Wednesday, August 24, 2005

Forty Years Old

Today at 5:16 am Eastern Time I officially turned forty years of age. My how time flies. I have a fabulous family and I have magnificent friends. I am truly blessed. I am surrounded by positive people and it is a good time to be alive. My family; my wife is an incredible lady and my children are the loves of my life; my Mother is nothing short of incredible; my Dad is an amazing person; my older sister has a genuine love of my family; my younger sister is remarkable and has helped me so much; my mother-in-law has so much love for my family it is astonishing; my sister-in-law has been a tremendous help to my wife; my brother-in-law loves our children unconditionally and my grandmother what a remarkable woman who has been through so much I love her dearly. Also to my friends (both old and new) who have been there for me and my family thank you so very much. Like I said before I am truly blessed and hopefully the next forty plus years go a little smoother!

I want to share something that happened at the very beginning of my situation. When I got bailed out of jail after being there for five nights my extraordinary friend picked me up from the jail at 2:00 am and drove me home. My wife and children were on the East Coast (thank God) so I went home to an empty house. I spent about a half hour with my friend but he had to head home afterall it was the middle of the night and he has a life to live. I looked at the answering machine and there were five messages on the machine; I think three were from my wife, one was from my Mother and one was from someone I hadn't spoken to in over a year. This person was a vendor who I had helped out of a very difficult situation about a year and half ago. I did not have a personal relationship with this person it was strictly business and I know I never gave him my home telephone number. On his very sincere message he stated who he was and that he had just read about my situation in the paper and wanted to say thank you for helping him with his situation and if there was anything he could do please give him a call.
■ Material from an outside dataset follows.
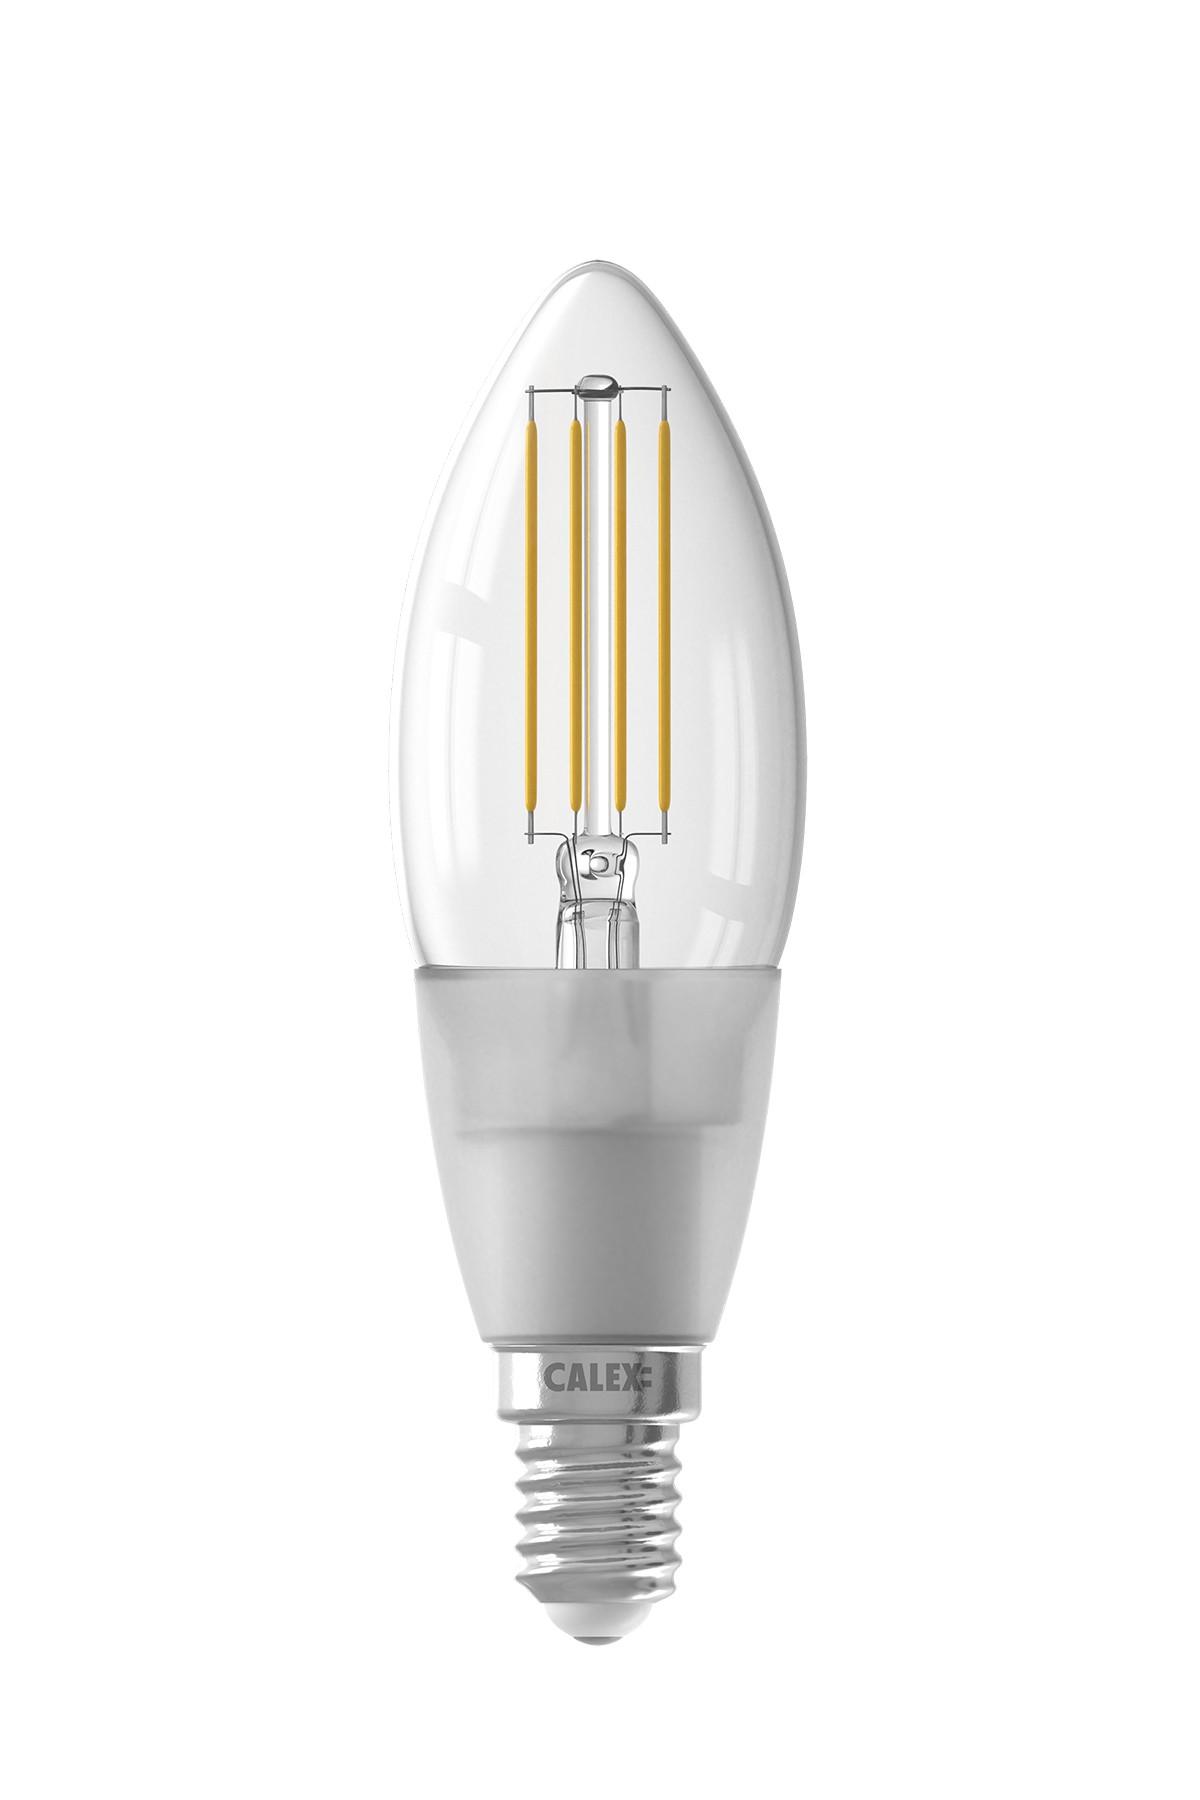 Calex Smart Kaars led lamp 4,5W 450lm 1800-3000K

When I came home that night it was one of the darkest nights of my life and yes, there was no one at home and I know my friend was very concerned with me when he left the house. I didn't have any irrational thoughts because having a father in prison is much better than having a father that committed suicide but those horrible thoughts were in my head. However; when I heard this person's message my insides started to warm and a smile came over my face. This person did not past judgment on me by what he read in the paper he knew I had helped him through a difficult situation and wanted to offer some words of encouragement and these words are still in my head. I thank God he left this message because without knowing I had actually done some good in my life those days would have been even darker. The small things go a long way.

2 comments:

Paul D. said...

John,

Thank you so very much for those kind words. I know it was very difficult for you at the beginning and I really appreciate your support.

Paul

Paul D. said...

Julianna,

Thank you for the support and wonderful words. You are also very correct some people cannot look at themselves so they put so much emphasis in others and can only see negatives in all situations. Sad but true and I do pray for these people.